Ñ2. Universal codes utilizing programming frameworks. Frameworks, unlike libraries, determine the control flow of a program to a large extent, so they implement the inversion of control principle. Popular frameworks such as A-frame, Unity, and Unreal Engine may be referred to as this kind. Authors have developed several such frameworks, for example Sharpeye [19] and JUJ [20].

C3. Specialized codes. A visualization program is written in some domain-specific visualization language (DSL) such as Vega Grammar or VRML.

The C1 and C2 options suit specialists in programming. Option Ñ3 is also targeted at them, as a tool for labor automation. But the Ñ3 option could be convenient for the users of visualization too.

Visual programming:

V1. First of all, these are visual programming environments based on graphs. When working in some system of that class, users place on the surface symbols of various entities, establish connections between them and configure the parameters of entities. The system of entities and their connections is being interpreted in some model of computation, for instance in a data flow model. As a result of this interpretation, the process implementing the desired visualization pipeline is formed.
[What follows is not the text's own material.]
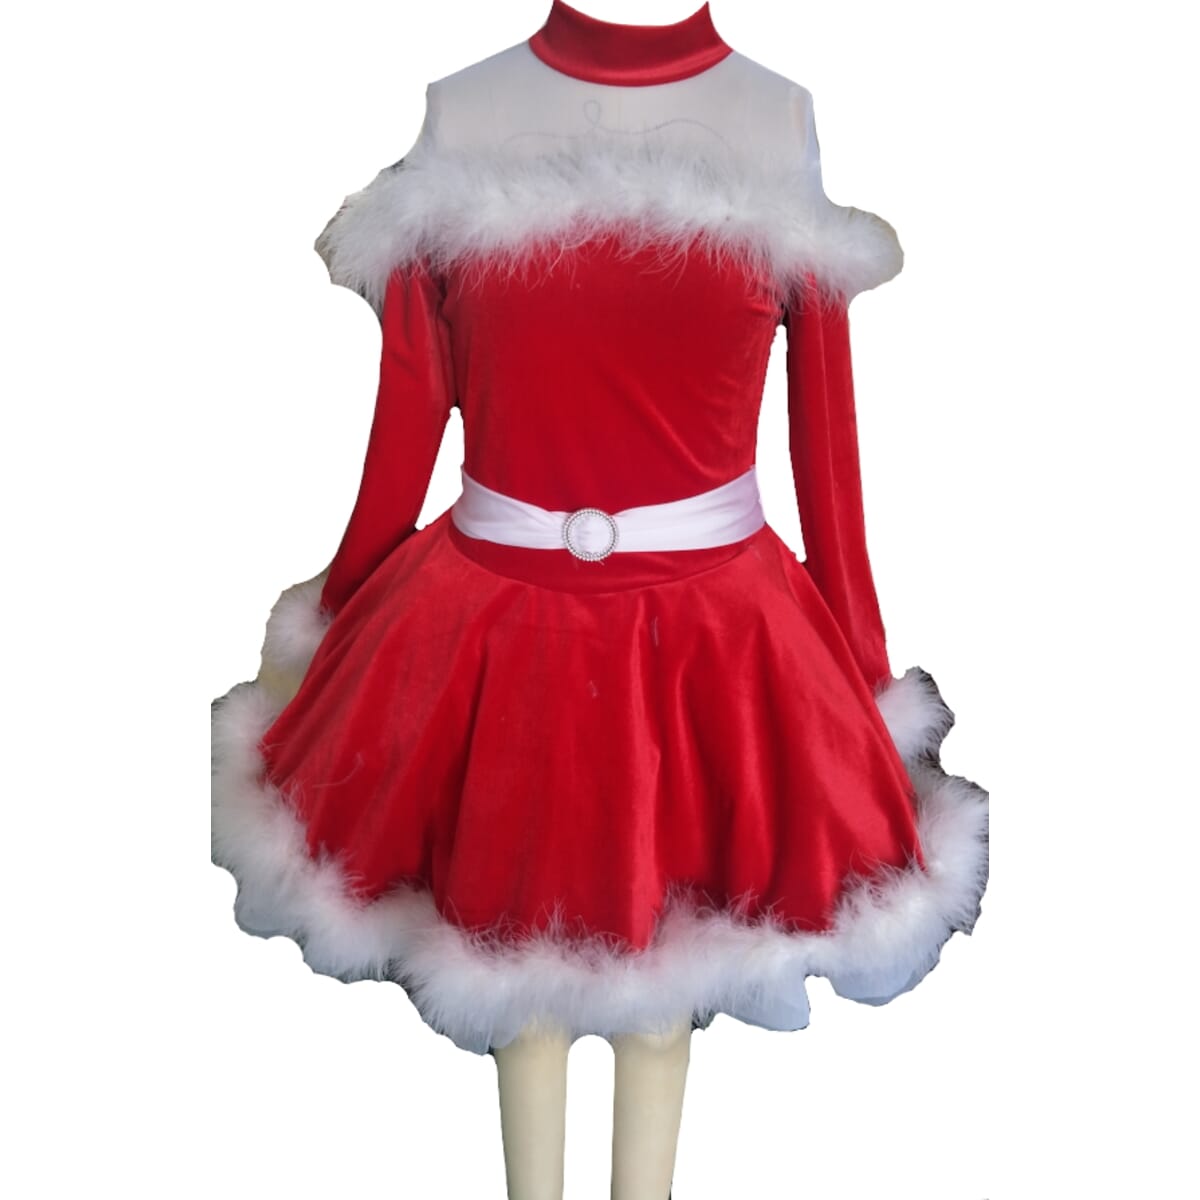 Hire Red Winter Fur from Costume Source | Ballet dance costume for hire

Examples of such environments are DataExplorer, Enso, XcluDev, and SciVi [13].

V2. Visual environments with strict models. Examples are well-known programs like Paraview, Visit, and Blender. In such environments, users often have no ability to insert arbitrary codes into the visualization pipeline, but they can customize (program) visualization, utilizing commands of a visual interface (buttons, menus, etc) or of a scripting subsystem within the programming model provided by the environment.

Option V1 suits both users and specialists in visualization (however, it seems that specialists in programming prefer textual program representations usually). Option V2 suits more users of visualization rather than specialists.
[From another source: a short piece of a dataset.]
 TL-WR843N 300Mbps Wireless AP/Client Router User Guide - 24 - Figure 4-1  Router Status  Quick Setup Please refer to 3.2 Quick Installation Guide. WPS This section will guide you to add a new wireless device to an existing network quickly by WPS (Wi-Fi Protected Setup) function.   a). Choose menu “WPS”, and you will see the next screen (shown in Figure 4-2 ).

Let us additionally illustrate the theses on the gradual elaboration of visualization systems, stated in the introduction. The involvement of a specialist programmer in  visualization development has the following specificity. The result of such a programmer's work usually is a program (specialized visualization system) solving the given task. But this program is not a programming tool itself. Its users will be able to load data, and the program will show preconstructed views and provide instruments to configure them. But, as a rule, this is what such a program is limited to, it does not go any further than configuration.

For instance, users cannot append a new instance of some visual entity, say, a second coordinate system, because the program assumes displaying only one instance of the coordinate system. If the users need to add quantitatively or qualitatively new views, they ought to address these issues to the specialist, because mechanisms necessary for doing that are not included in the program.
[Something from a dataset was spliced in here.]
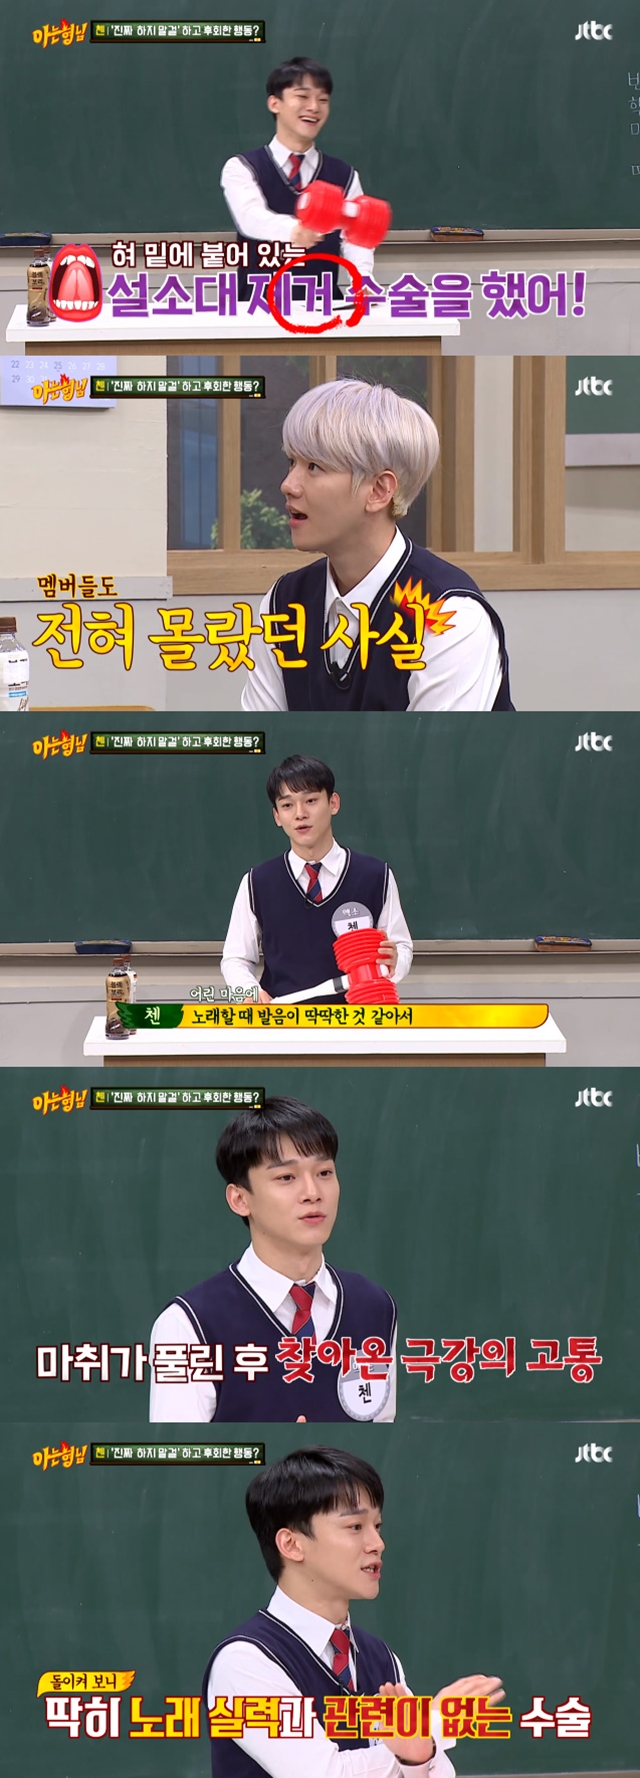 EXO Chen has said it has had surgery to remove the diarrheal zone in the past.On JTBC Knowing Bros broadcast on December 7, Chen confessed that he had surgery to remove the diarrhea because he wanted to sing well.Chen said, I wanted to sing well in high school, so I had surgery to remove the diarrhea.I was surprised by the secret of Chen, who did not know the members of Knowing Bros as well as EXO members.Park So-hee

The involvement of specialists in visualization development is a widespread practice. Its advantages are the extension of interdisciplinary dialogue, interaction, and information exchange. Its disadvantages are the dependency of a user on a specialist, the increased cost of development, and time delays.

Those disadvantages might be leveled out by providing the users with tools for independent rapid solution of the new visualization problems emerging during research.

So, our main interest during the present paper is in means enabling users to independently program their visualizations. Our experience with different options of such programming tells us to focus attention on the approaches to visual programming outlined in V2. The community has worked out a number of methods of such programming during many years of the development of computer graphic systems. We continue with the analysis of some of these methods.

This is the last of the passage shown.